[Records provided]

########################################

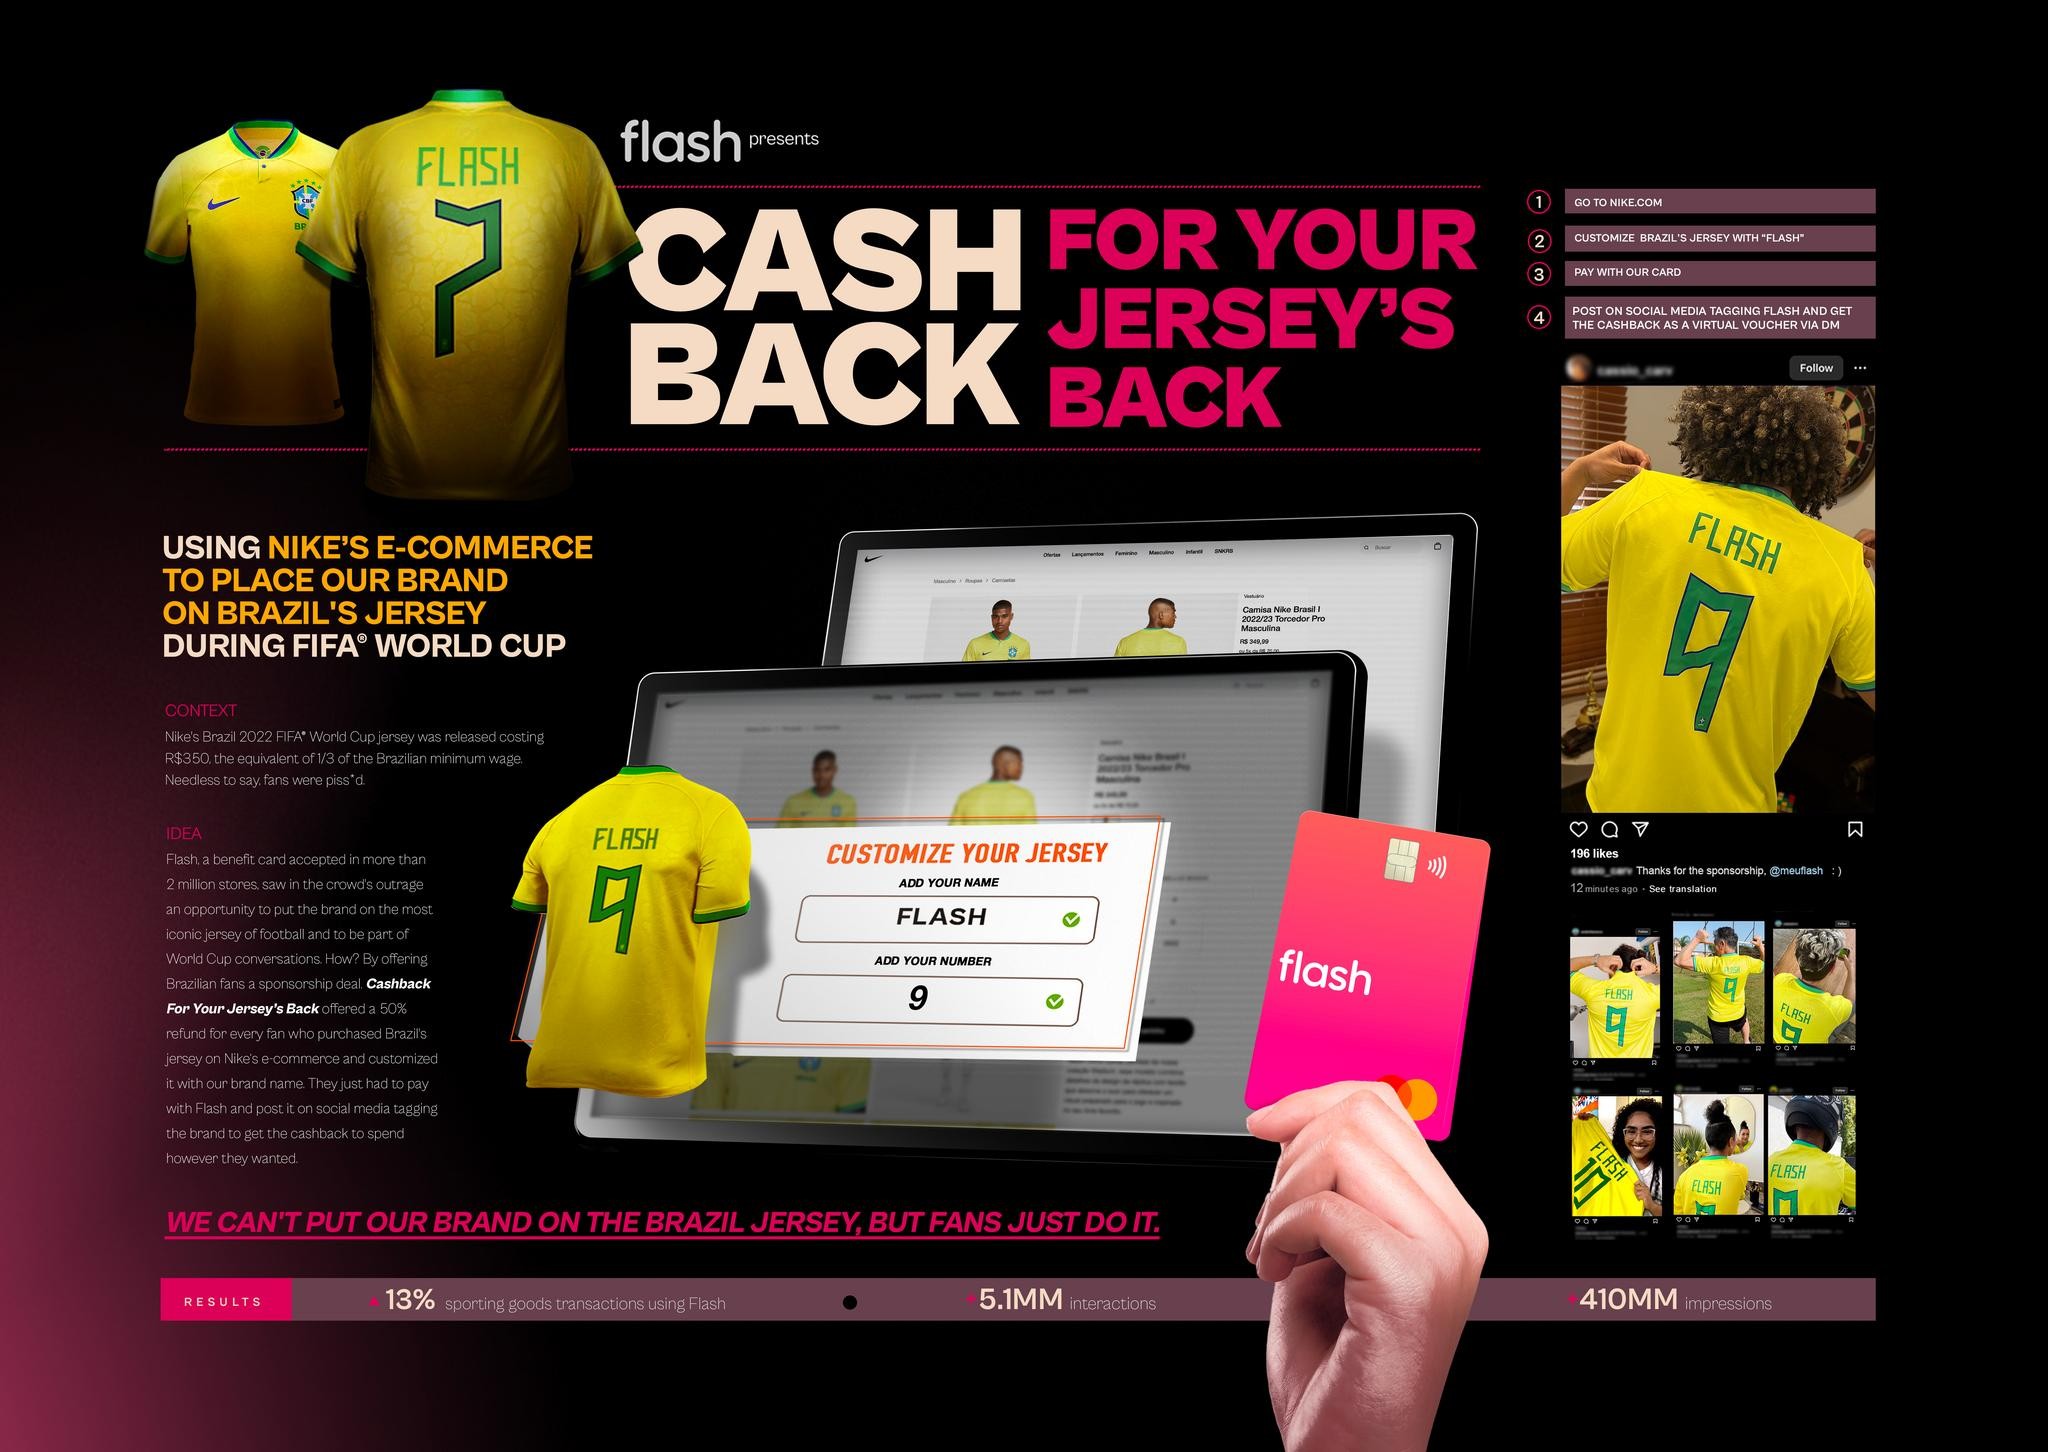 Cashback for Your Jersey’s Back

########################################

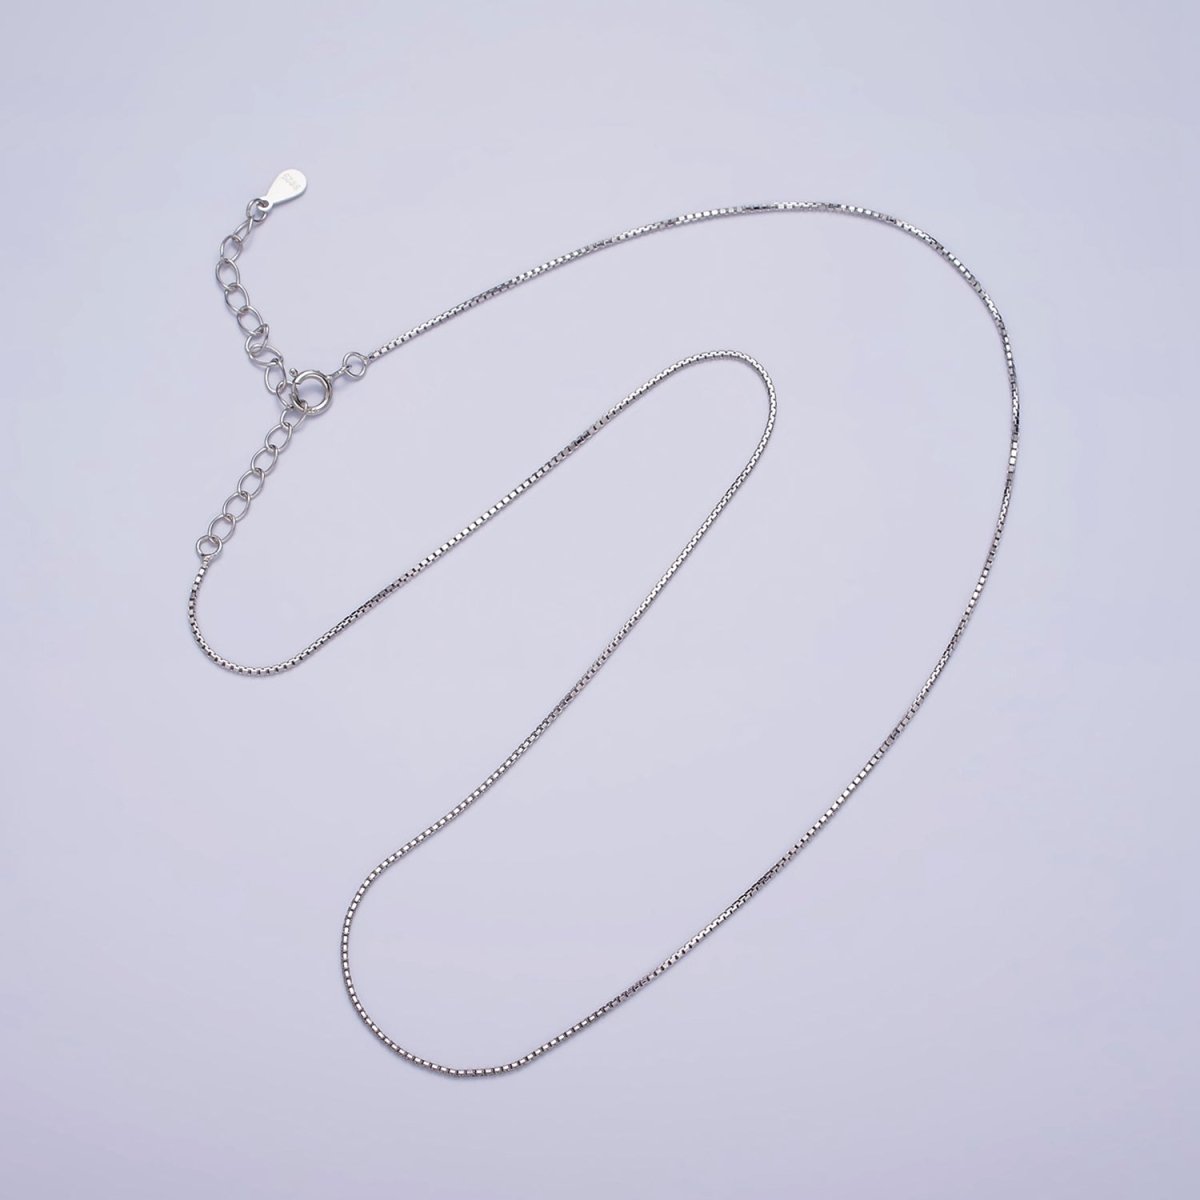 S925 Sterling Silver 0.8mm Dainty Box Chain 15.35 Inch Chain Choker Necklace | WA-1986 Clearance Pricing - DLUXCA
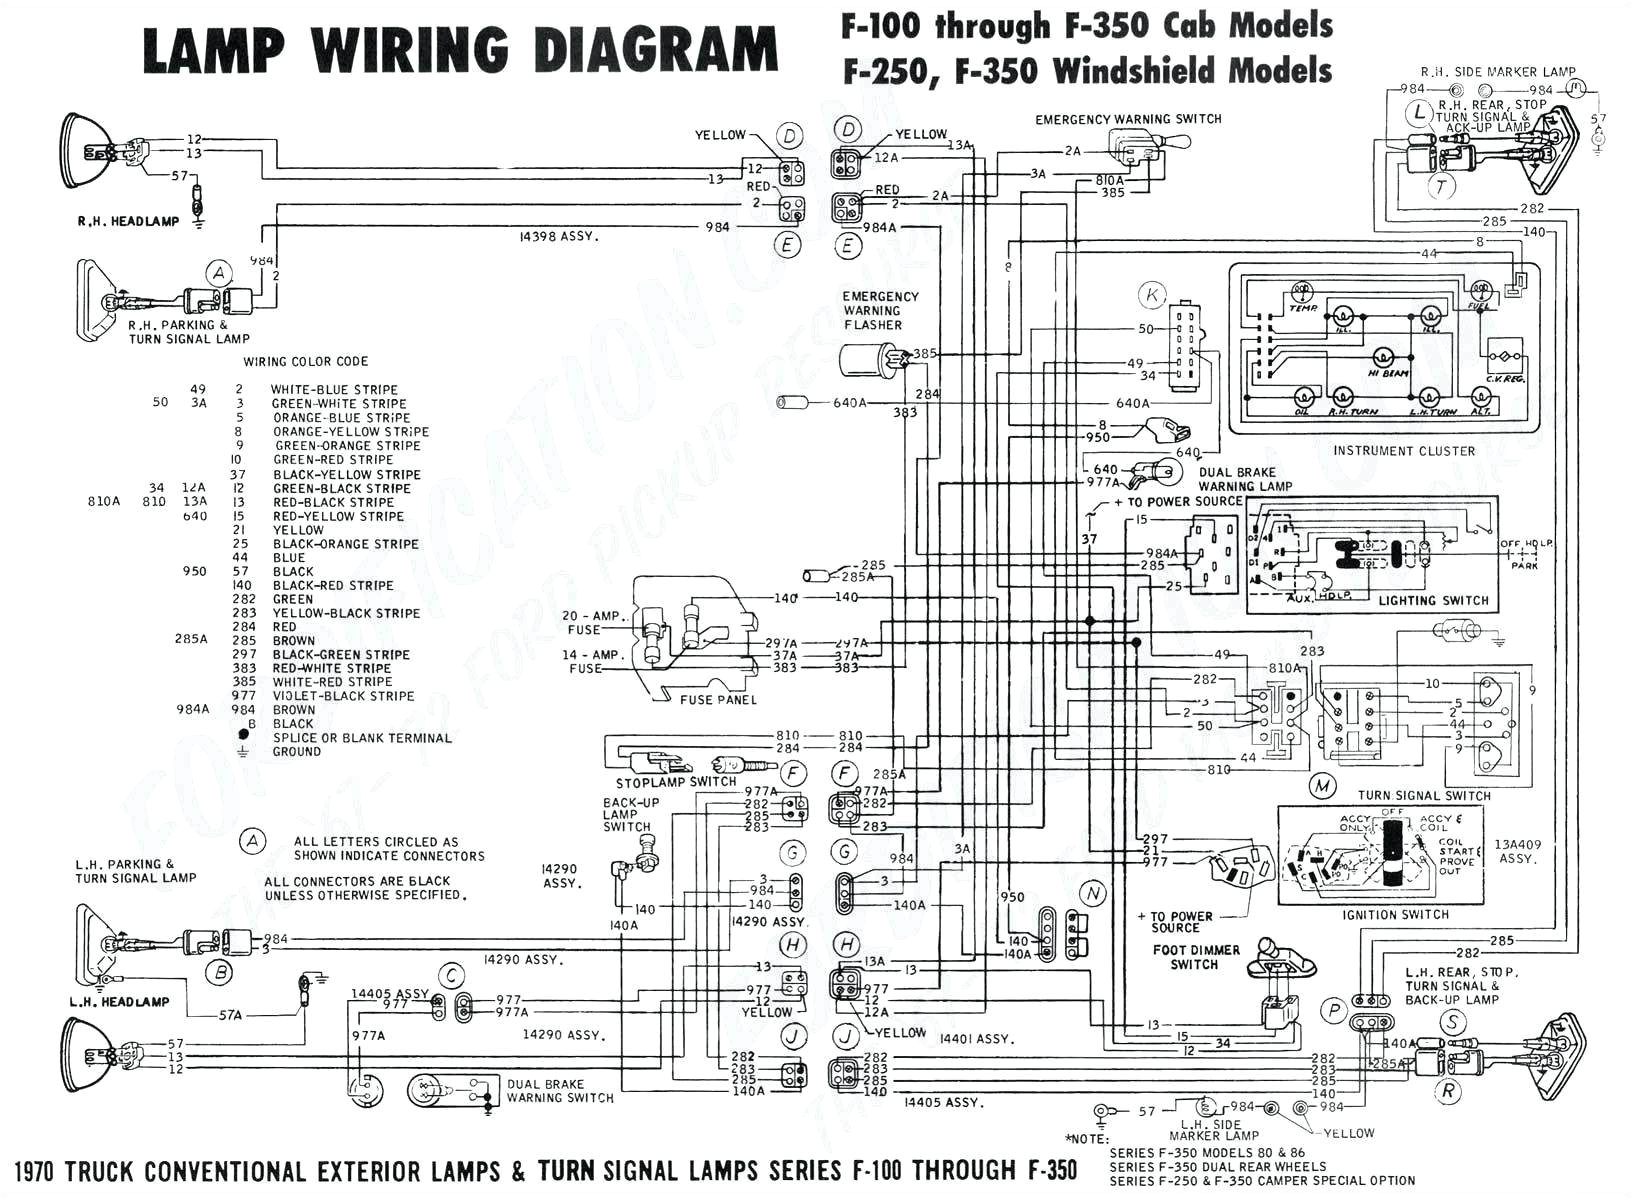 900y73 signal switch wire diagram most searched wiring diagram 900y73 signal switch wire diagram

########################################

[What is needed]
The lines to set down run from the line with "S925 Sterling Silver" up to and including the line with "900y73 signal switch wire diagram most" in the entries above. Reproduce them exactly, with no pictures.

[Solution to this exercise]
 S925 Sterling Silver 0.8mm Dainty Box Chain 15.35 Inch Chain Choker Necklace | WA-1986 Clearance Pricing - DLUXCA
 900y73 signal switch wire diagram most searched wiring diagram 900y73 signal switch wire diagram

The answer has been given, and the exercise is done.